Irish Thoroughbred racehorse

Mother Earth (foaled 24 April 2018) is an Irish Thoroughbred racehorse. As a two-year-old in 2020 she ran eight times, winning the Fillies' Sprint Stakes and finishing placed in the Albany Stakes, Airlie Stud Stakes, Debutante Stakes, Fillies' Mile and the Breeders' Cup Juvenile Fillies Turf. On her first run of 2021 she won the 1000 Guineas.

==Background==
Mother Earth is a bay filly with a white star bred in Ireland by the County Tipperary-based Grenane House Stud. She was consigned to the Goffs Orby Yearling Sale in October 2019 and was bought for €150,000 by Michael Magnier on behalf of the Coolmore Stud organisation. The filly was sent into training with Aidan O'Brien at Ballydoyle and raced in the colours of the Coolmore partners Derrick Smith, Susan Magnier and Michael Tabor.

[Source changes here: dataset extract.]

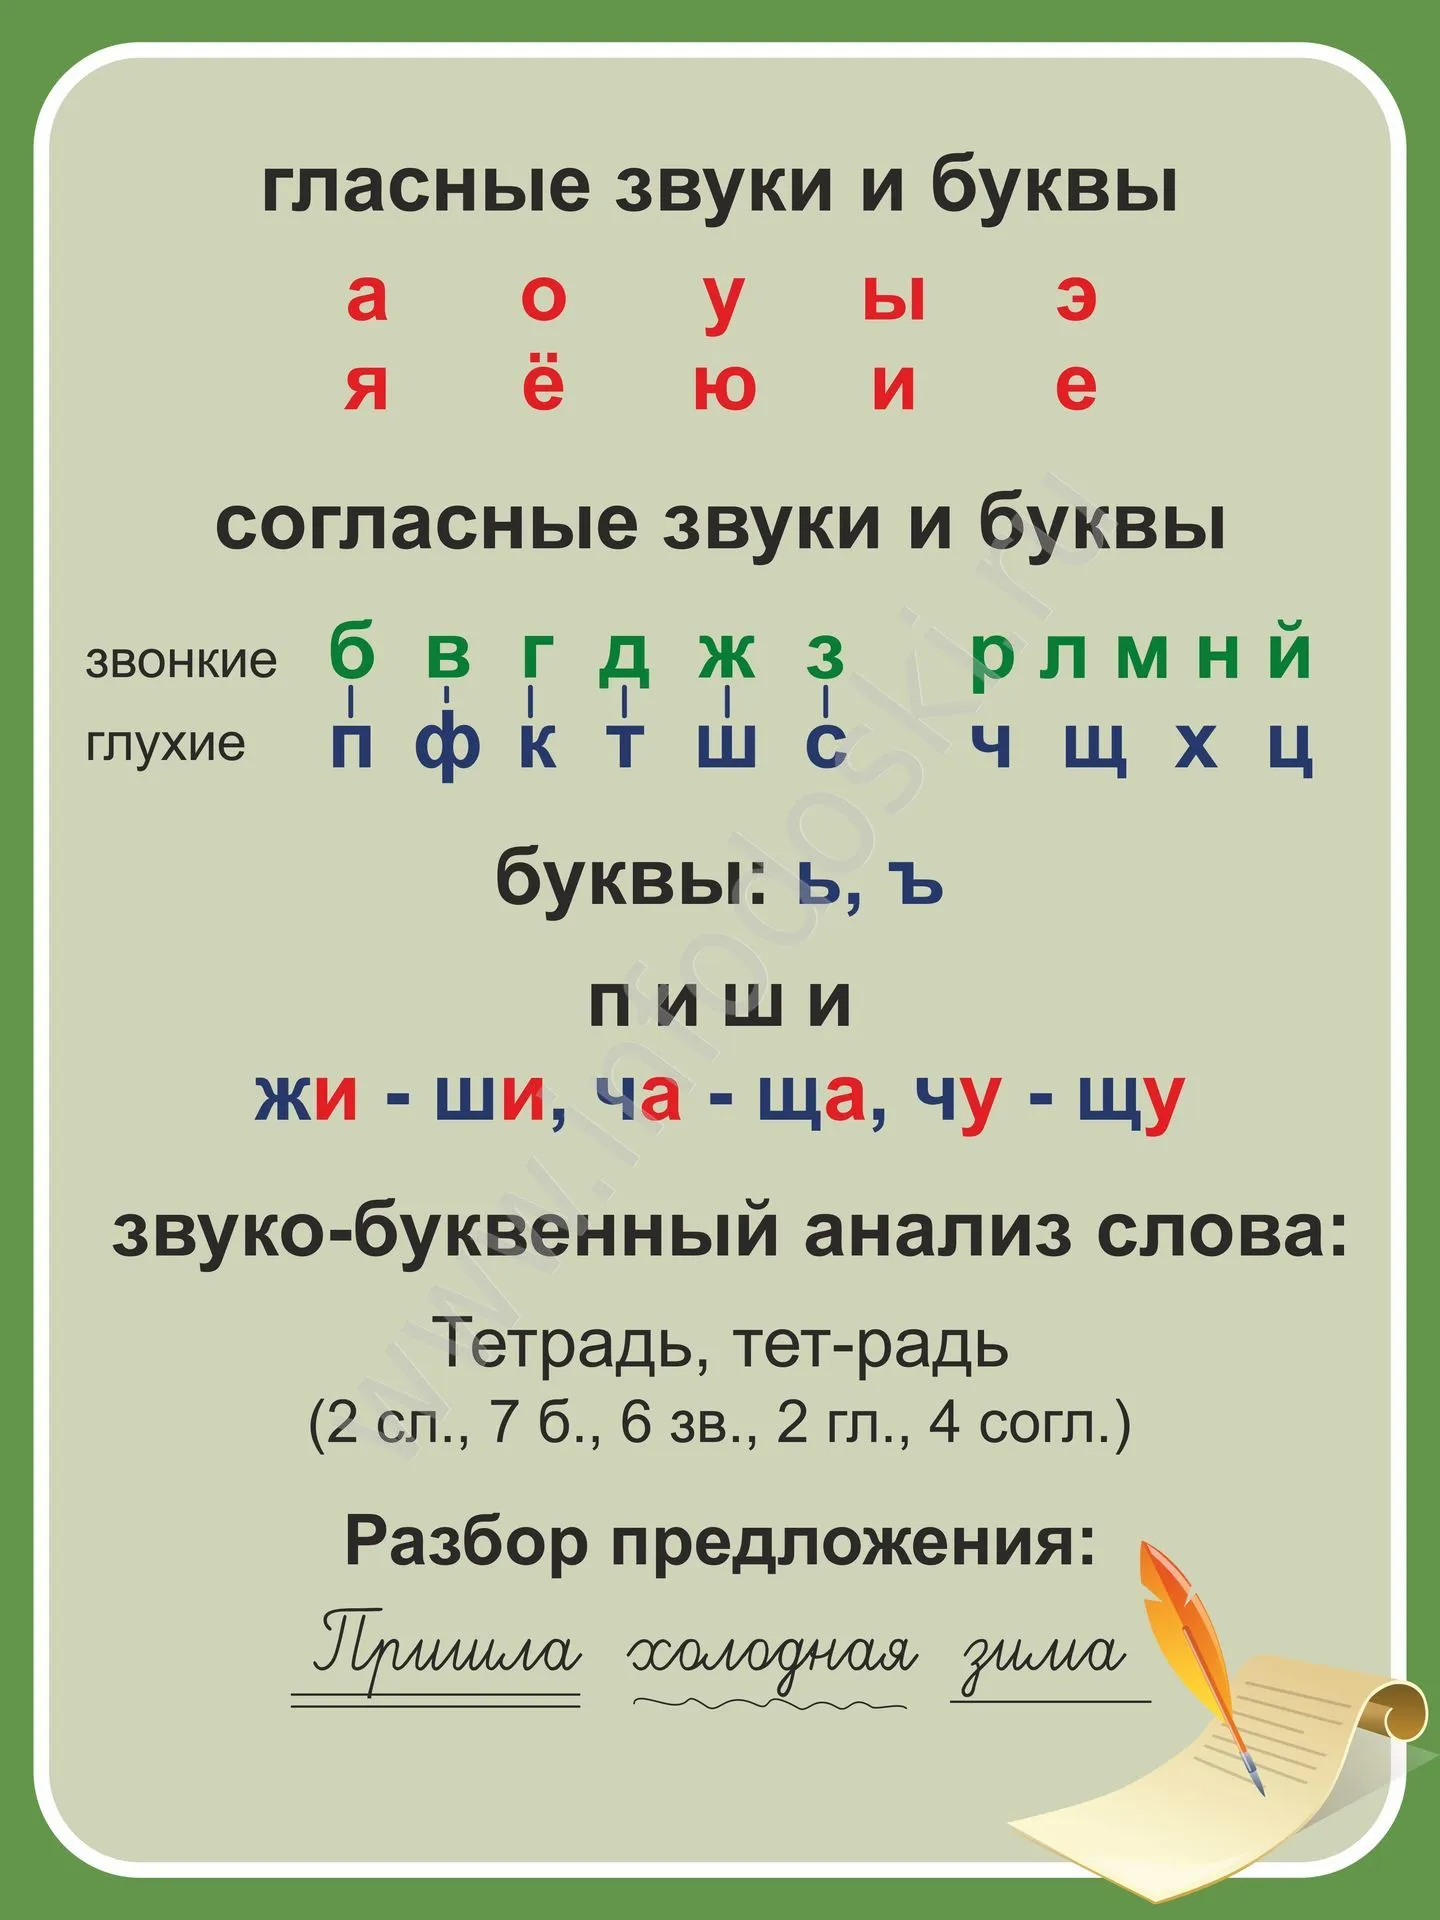 Какие звуки русского языка называются гласными. Гласные и согласные буквы и звуки в русском языке. Согласные и гласные буквы в русском языке. Гласные буквы русского алфавита таблица памятка для детей. Гласные буквы и звуки.

She was from the sixth crop of foals sired by Zoffany, who won the Phoenix Stakes as a two-year-old but produced his best effort when running a close second to Frankel in the St James's Palace Stakes. His other foals have included Albigna, Thunder Moon, Ventura Storm (Gran Premio del Jockey Club), Washington DC (Windsor Castle Stakes) and Fleeting (May Hill Stakes). Mother Earth's dam Many Colours showed good racing ability, winning five races including the Listed Dance Design Stakes. As a female-line descendant of the Irish broodmare Fair Astronomer, she was related to several major winners including Deputy Commander, Malhub, Roger Barows, Donna Blini and Gentildonna.

==Racing career==
===2020: two-year-old season===
Mother Earth began her racing career in a maiden race over five and a half furlongs at Navan Racecourse on 10 June when she started at odds of 4/1 in a fourteen-runner field. Ridden by Wayne Lordan she kept on well in the closing stages to finish second, beaten one and a half lengths by the winner Frenetic. Nine days later she was sent to England and stepped up to Group 3 class for the Albany Stakes at Royal Ascot when she was ridden by Ryan Moore and finished third behind Dandalla and Setarhe after being repeatedly hampered as she attempted to obtain a clear run. At Naas Racecourse on 4 July Mother Earth went off the 10/11 favourite for the Group 3 Fillies' Sprint Stakes over six furlongs on soft ground. With Lordan in the saddle she disputed the lead from the start, went clear of her opponents in the final furlong and won by four lengths from the Jessica Harrington-trained Sussex Garden. After the race Lordan commented: "She's a smashing filly and her form was good enough to win. I travelled easy and she's a filly that's going to stay further, so I was happy to go forward. When I got there she probably thought she'd done enough. She's a smart filly."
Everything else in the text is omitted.